**EXTRACTED INFORMATION**
⁂

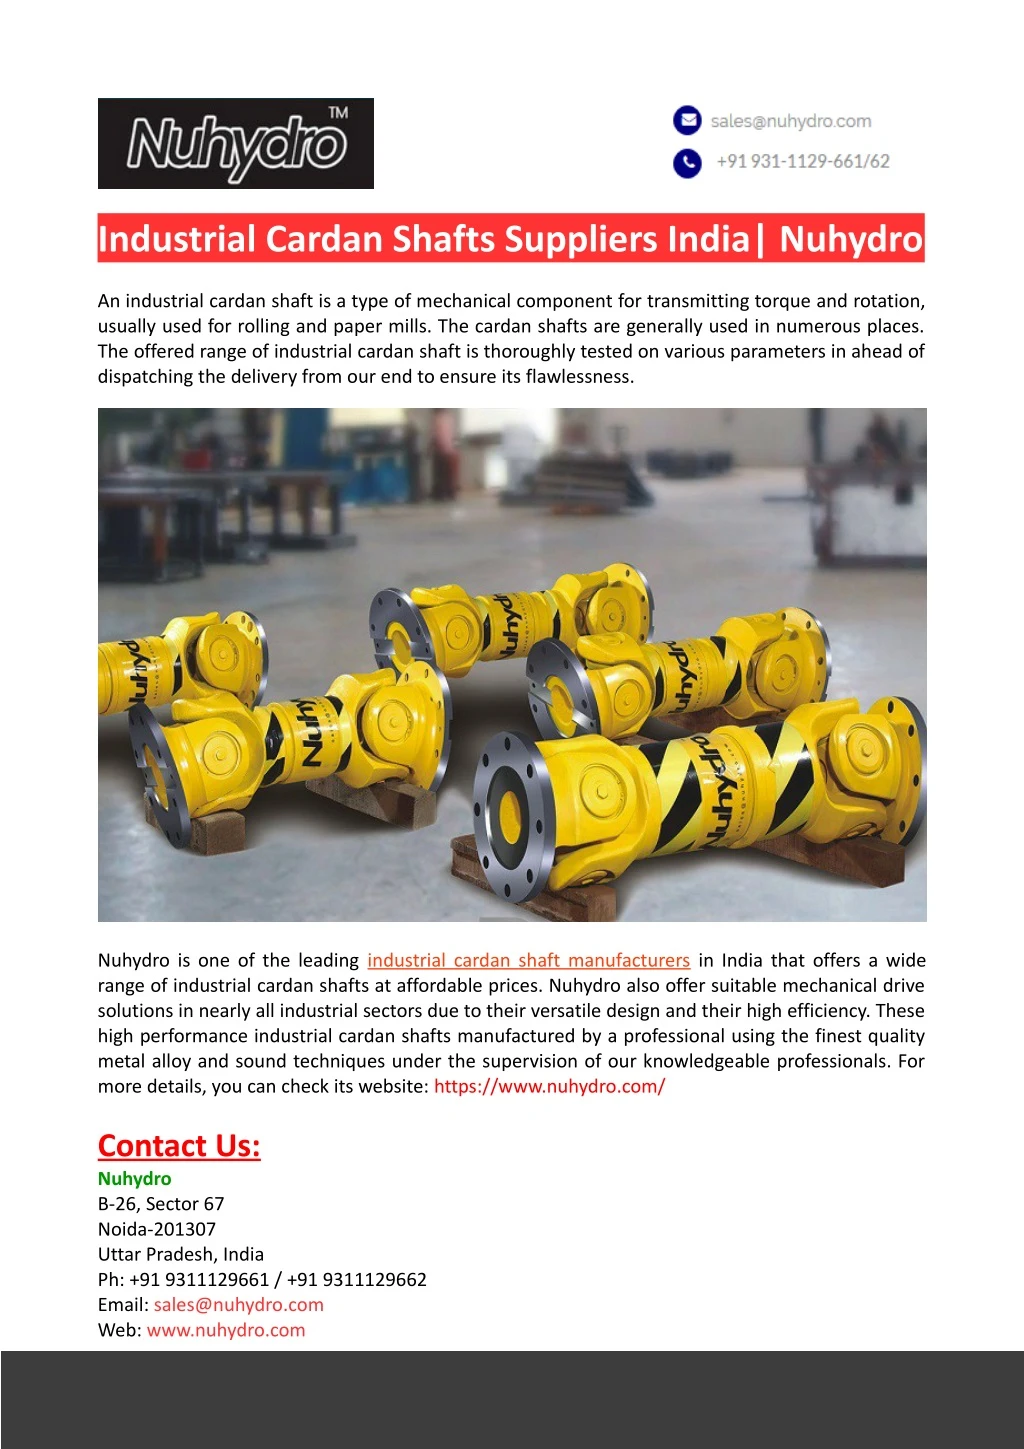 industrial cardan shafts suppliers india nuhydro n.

⁂

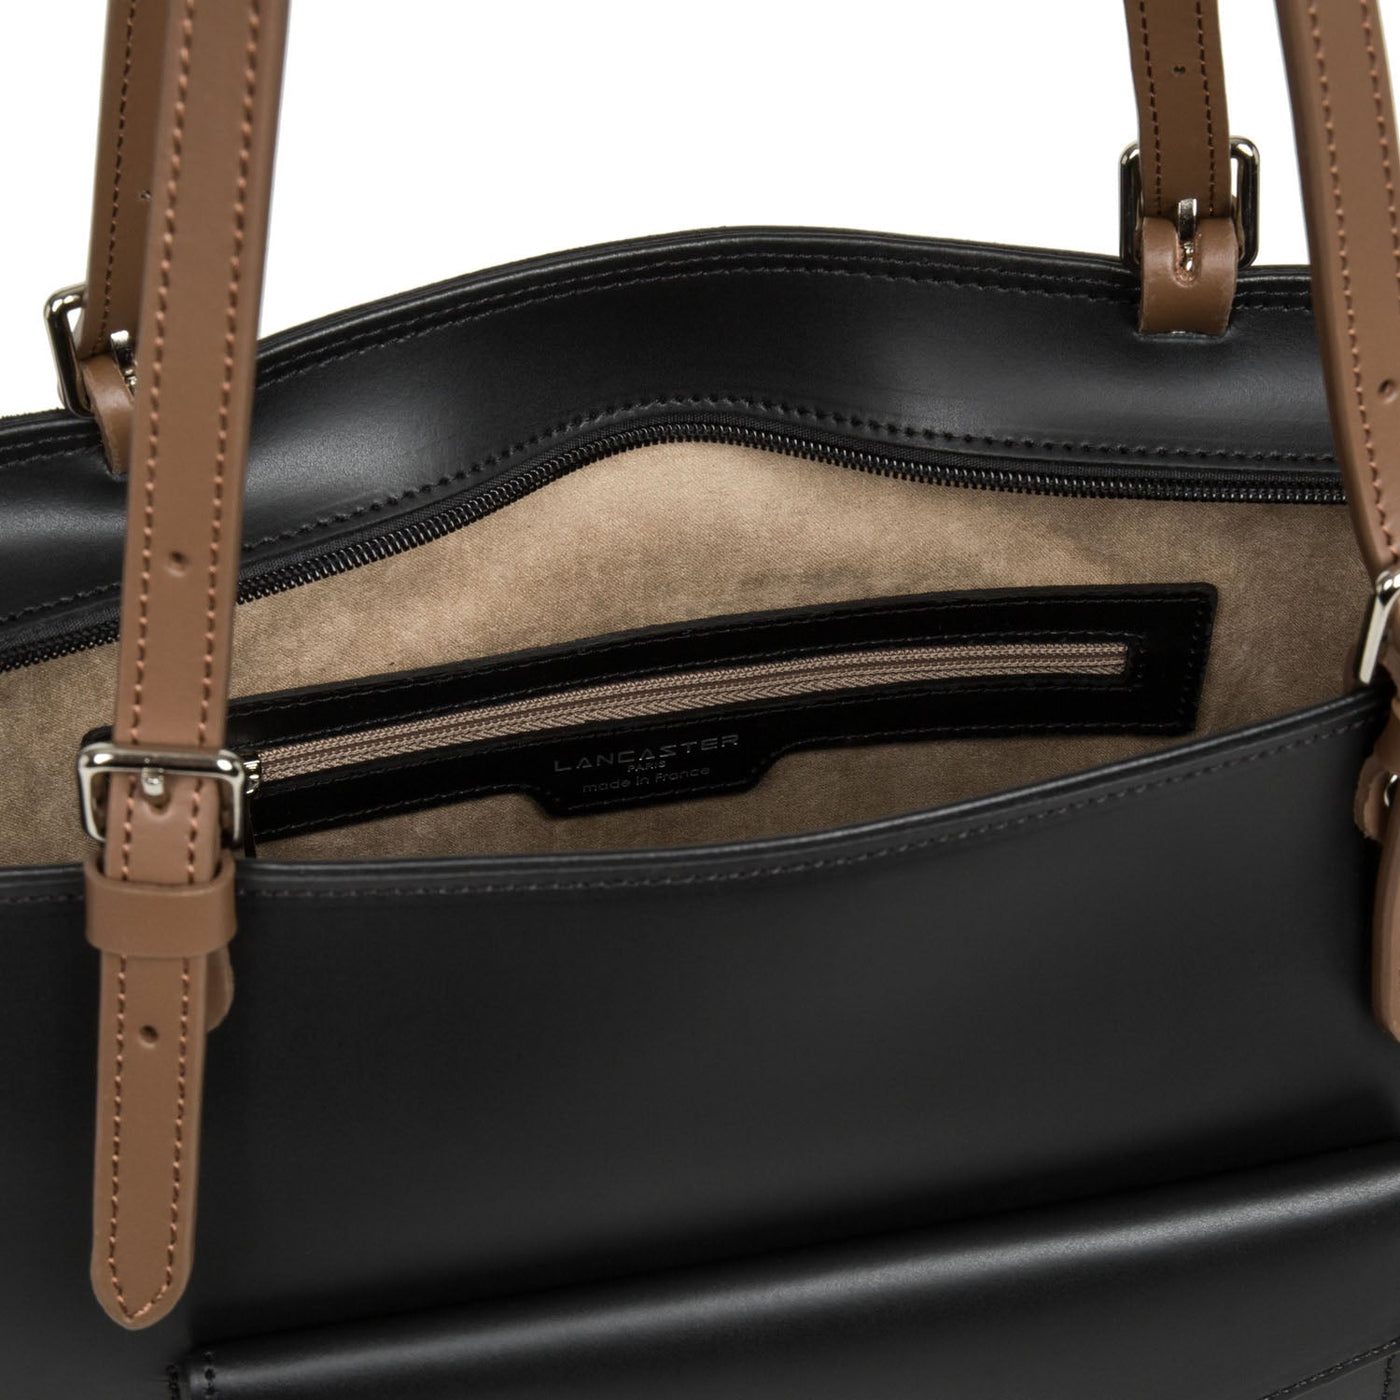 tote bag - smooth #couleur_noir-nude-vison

⁂

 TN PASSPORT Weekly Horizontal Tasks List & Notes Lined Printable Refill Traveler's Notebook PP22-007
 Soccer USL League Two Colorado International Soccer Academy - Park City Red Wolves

⁂

**WHAT TO PRODUCE**
Going back to the entries above, set down exactly the lines that begin at the one with "TN PASSPORT Weekly" and end at the one with "Soccer USL League", both included, and nothing else.

**TASK ANSWER**
 TN PASSPORT Weekly Horizontal Tasks List & Notes Lined Printable Refill Traveler's Notebook PP22-007
 Soccer USL League Two Colorado International Soccer Academy - Park City Red Wolves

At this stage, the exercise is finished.